Follow these steps before and after the Anzac Day weekend to make sure you have been paid correctly.

  1. Identify your award. Visit the Fair Work Ombudsman Pay and Conditions Tool and enter your occupation. The tool will identify which Modern Award applies to you.

  2. Look up the public holiday penalty rate. In the same tool, select “Public holidays” and check the percentage that applies to your employment type (full-time, part-time or casual).

  3. Calculate your expected pay. Multiply your ordinary hourly rate by the penalty percentage. For example, $28.00 x 250% = $70.00 per hour.

  4. Check your payslip. Compare the hourly rate shown on your payslip for 25 April (and 27 April if you are in NSW, ACT or WA) against your calculated rate. Verify the hours are correct too.

  5. Check your annual leave balance. If you were on leave during the period, confirm no annual leave was deducted for the public holiday itself.

Pro Tip: Take a screenshot of your roster and your payslip. If there is a discrepancy, having both documents makes the conversation with your employer much simpler.

What to Do If You Were Not Paid Correctly

If your payslip does not match what you are entitled to, you have clear options.

  1. Raise it with your employer first. Most underpayments are genuine payroll errors, not deliberate. A calm, factual conversation with your payroll team or manager, supported by your calculations, resolves the majority of issues.

  2. Contact the Fair Work Ombudsman. If your employer does not resolve the issue, you can lodge a complaint with the FWO at fairwork.gov.au. The FWO can investigate and recover underpayments on your behalf. There is no cost to you.

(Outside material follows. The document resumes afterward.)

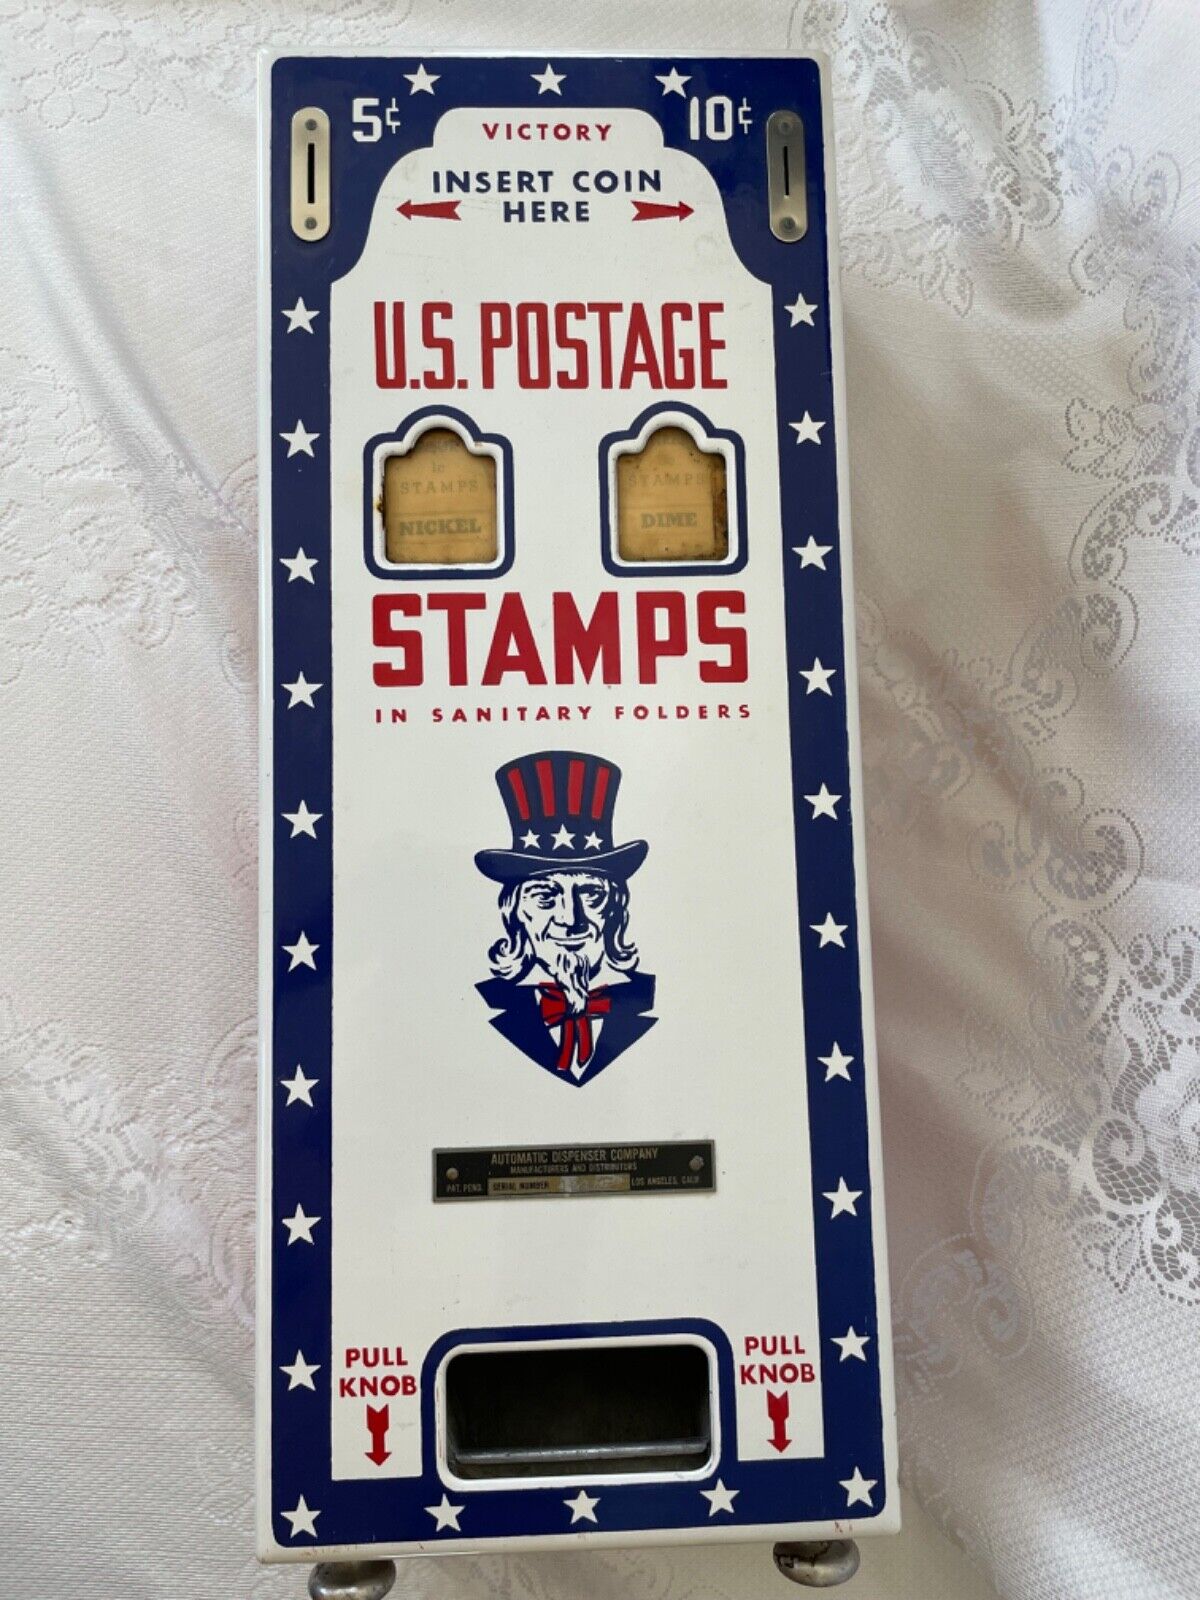 Vintage 1950s Porcelain US Postage Stamp Vending Machine with Uncle Sam

  3. Understand the legal landscape. Since 1 January 2025, deliberate underpayment of wages (including penalty rates) is a criminal offence under federal law. Employers who intentionally short-change workers face serious consequences. This law exists to protect you.

  4. Keep records. Save your payslips, rosters, employment contract and any correspondence about your pay. Under Australian law, you can claim underpayments going back up to six years.

  5. Use Justiico to analyse your pay. If you want a fast, clear picture of whether your pay matches your award entitlements, Justiico provides automated wage analysis in minutes. It is not legal advice, but it gives you the numbers you need to have an informed conversation or take the next step.

Know What You Are Owed

Anzac Day is a day of remembrance and respect. It should not also be a day you are paid incorrectly. Whether you are working a dawn service coffee shift in Melbourne, a retail floor in Perth, or a hospitality gig in Sydney, you deserve to be paid what your award says you are owed.

The rules are clear. The tools to check are free. And if something does not add up, you have the right to speak up.